Ketika rindu yang telah lama terpendam, kini harus dibayar dengan rasa kekecewaan yang teramat dalam. Percayalah rasanya sangatlah menyesakkan.

-Vika Ameeralda.

°°°

Ketika kaki ini tak mampu berjalan melewati sosok yang selalu membuat hati terus berdebar, yang bisa Vika lakukan hanyalah menjauh dari sosok itu. Untuk saat ini biarlah kaki yang melangkah, entah ke mana yang akan dituju. Dia kalah dengan rasa kekecewaan yang sedari tadi mengganggu pikirannya.

Bagaimana tidak? Teman kecil yang selalu Vika rindukan, yang namanya selalu ia bayangkan terukir oleh rasi bintang di langit, justru tidak mengingat Vika. Rangkaian-rangkaian yang Vika bayangkan saat bertemu dengannya hanyalah sebuah penawar saja.

Langkah Vika terhenti saat sampai di halaman belakang sekolah. Rumput hijau yang menyejukkan mata dan terdapat pohon beringin tua di tengah-tengahnya. Tempat yang ditakuti oleh siswa entah karena alasan apa. Mungkin karena jalan satu-satunya dengan melewati lorong gudang dan lab yang sudah tidak terpakai, makanya tidak ada yang berani ke tempat ini. Vika mengedarkan pandangannya kemudian menghela napas. "Akhirnya gue nemu tempat yang damai di sini." Vika bermonolog. "Tapi kok halaman belakang sekolah sebagus ini sepi, sih."

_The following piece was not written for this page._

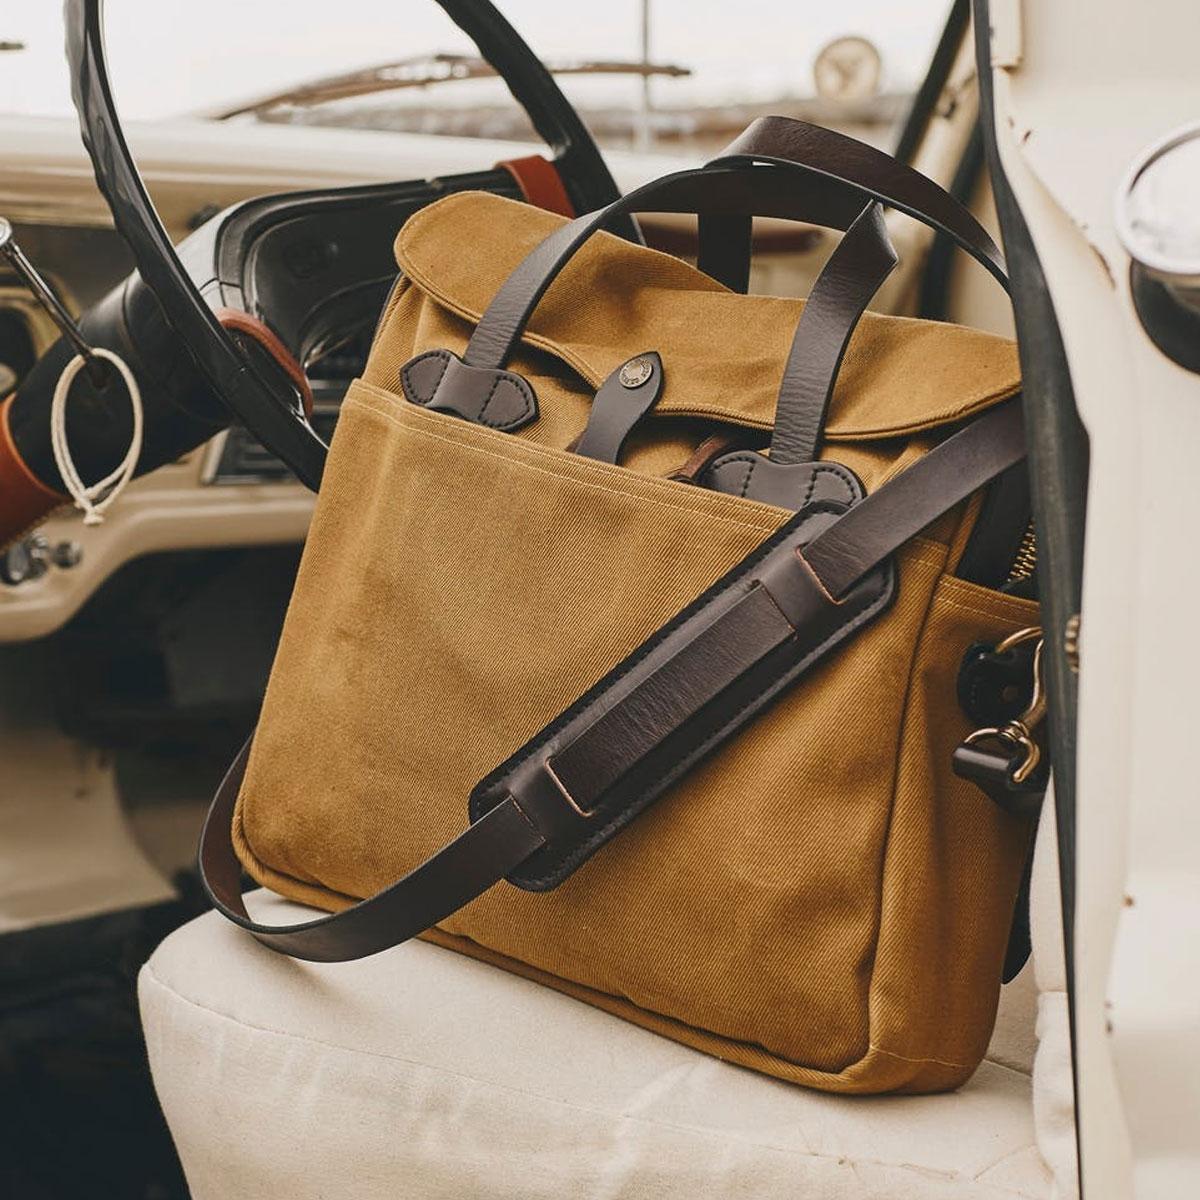 Filson Original Briefcase 11070256 Tan, extraordinary bag for an ordinary day

Vika melanjutkan langkahnya mendekati pohon beringin. Baru saja melangkah, ia melihat di bawah pohon beringin ada seseorang yang sedang tertidur dengan tangan yang dijadikannya bantal dan sepasang earphone di telinganya. Vika bersembunyi di belakang tembok dan mengamati cowok itu. Tampan sekali...

"Siapa?"

Vika terkejut saat menyadari cowok yang sedang ia amati mengetahui keberadaannya. Dengan cepat Vika berbalik, namun kakinya menginjak batu yang ada di sampingnya dan terjatuh.

"Aduh..."

Sial! Kenapa harus nginjek batu, batinnya. Vika mencoba berdiri namun terkejut untuk yang kedua kalinya. Cowok yang sejak tadi ia amati kini berada di sampingnya menampilkan raut yang susah untuk diartikan.

"Butuh bantuan?"

"G-gak usah!" Vika mencoba melangkah namun kakinya terasa sakit.

"Kaki lo terkilir,"

"Engg- Aw... " belum sempat menyelesaikan kalimatnya, cowok itu sengaja menyenggol kaki Vika.

"Makanya kalo dibilangin tuh dengerin!" Cowok itu menuntun Vika dan duduk di bawah pohon beringin.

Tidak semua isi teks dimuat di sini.